Personally, I don't understand this obsession people these days have with being cashless. So they use a card to buy a pack of gum? A soda? What will they do if the power goes out, or they need something in an emergency and they can't use a card? Seems stupid to not have at least $20-25 on you just in case. 

Not to mention, they won't blink an eye at giving someone a dollar or two for mixing them a drink or pouring them a beer, but they put their lives in our hands and give us nothing? Seems unbelievable.


----------



## sellkatsell44 (Oct 25, 2015)

#1 reason I ride uber versus taking a cab (which is pretty easy to hail in SF) or taking public transportation (totally don't mind) is because of the convenience of getting a ride w/o having to carry cash. Lyft is a lot cheaper but allows folks to tip so honestly, I had NO idea that uber drivers are that hungry for tips.

There are times I forget my wallet w/me and I would be SOL but now there is apple pay and I can just go to a Walgreens and pick up food--or purchase a clipper card to grab a bus/train home.

And yes, I do use a card to buy a pack of gum, or two.

A few things though...I NEVER complain about the surges (just did one for 2.2) because I knew going in, that is the price. Just like I was under the assumption that uber is a new version of car riding (like the restaurants that don't allow tip, e.g. danny-meyer-no-tipping-restaurants, can't post link yet...). And who knows, uber may change like: bar-agricole-trou-normand-bring-back-tipping-san-francisco. BUT, I don't understand anyone who will negatively rate a rider just because they don't tip, when the system in place clearly doesn't support it (how hard would it be for uber to add to their API a tipping option, esp with the $$$$$ in their war chest).

So, even if there is a lot of traffic (often there is) or if the driver insists following the gps (which you all know has flaws at times, and can run a car around/longer route..which I sincerely hope uber does to make the trip long enough for you guys to make more $, b/c then they get more $)...

I don't complain.
I don't blame them.

and I certainly wouldn't give anything less than 5 stars.

Because I know Uber will drop drivers/deactivate if the uber driver's rating falls below a certain number (4.6).

Heck, one time, a friend and I were carpooling, w/2 passengers clearly indicated, and I had placed in the name of the restaurant w/the address in the pick up location..the driver calls me from about 1 1/2 block away and says he is near a sax player and asks where we are...when we get there, the car reeks of a strong fish oil smell and he is on the phone, and and overall, probably the 1st time I was tempted to rate...wait for it..a 4 star.

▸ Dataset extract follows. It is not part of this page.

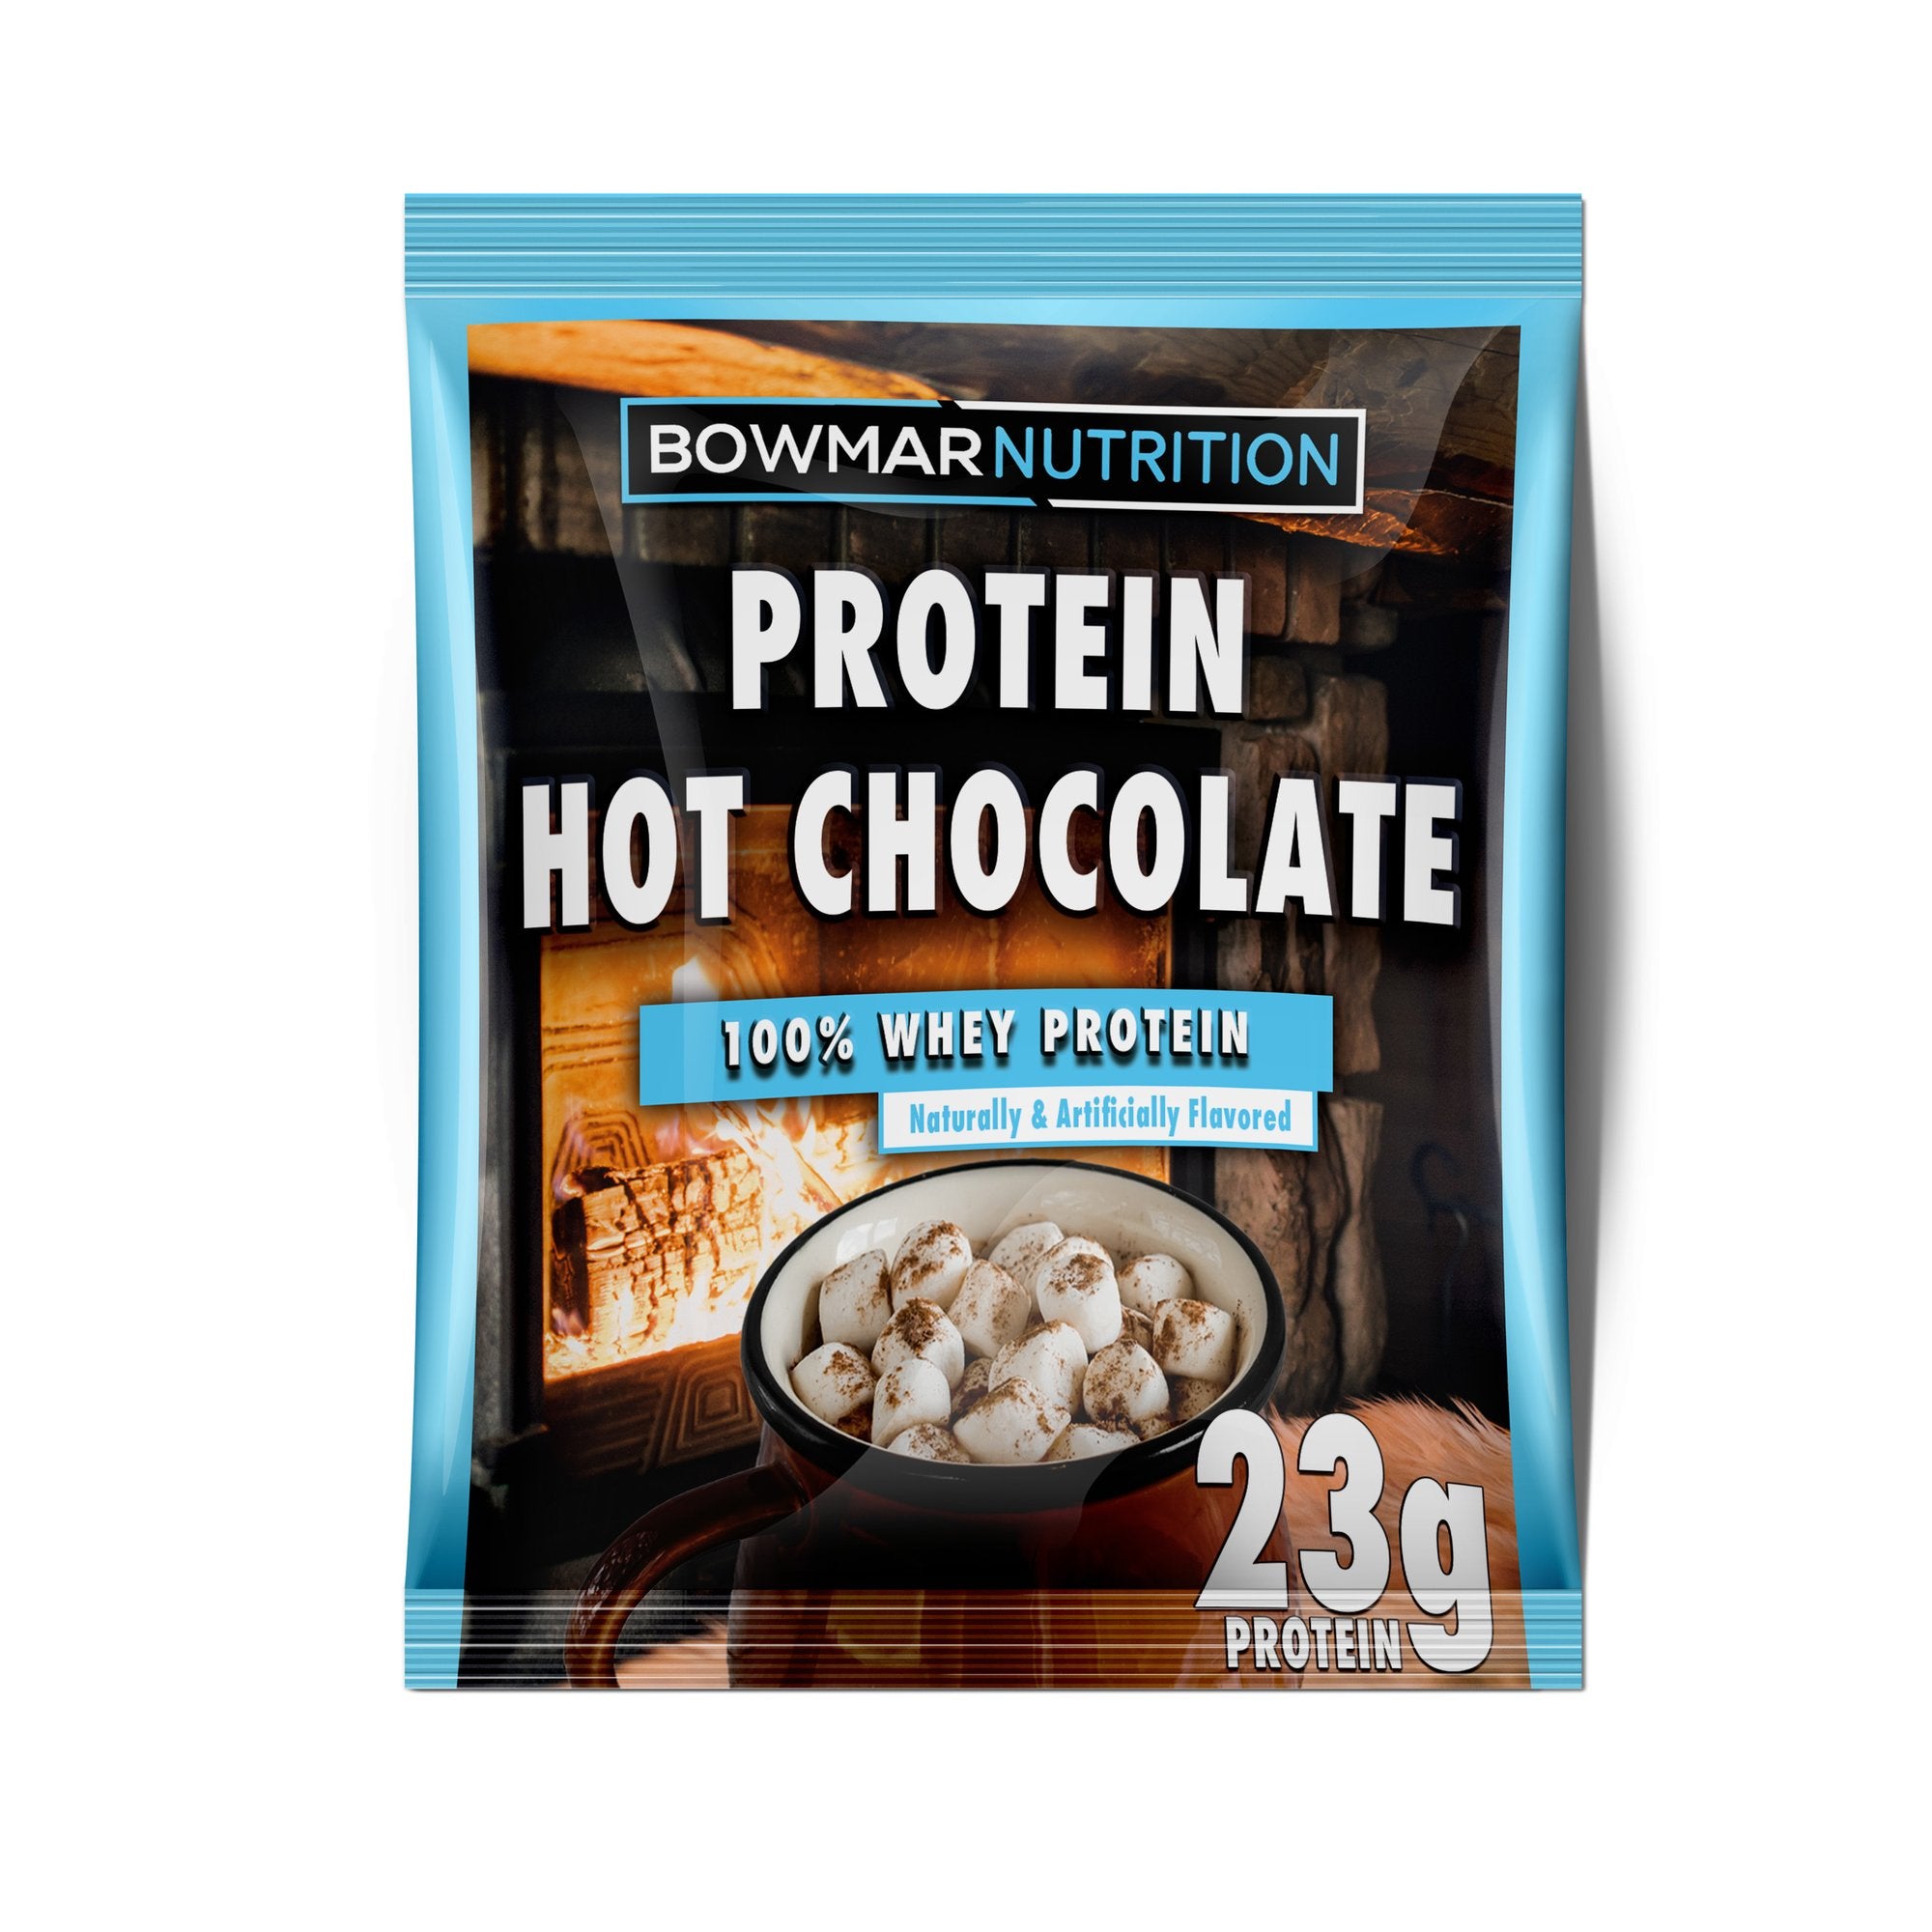 Bowmar Whey Protein Powder Sample (1 serving) Protein Snacks Hot Chocolate bowmar bowmar-protein-powder-sachet-1-packet

Ended up giving him a 5 anyways because he kinda redeemed himself on the ride.

I talk a lot and so 99% of the info I know, with the exception of uber drivers expecting tips, is straight from uber drivers' mouths. Heck, I even found this forum because of one. 

PS, lots of passengers don't know, I have a friend who got me back into uber (visiting from VA, lived in WI and NY) and during the entire time he was here, he ubered (i tagged) and he never tipped. neither does my friend, or my boss. 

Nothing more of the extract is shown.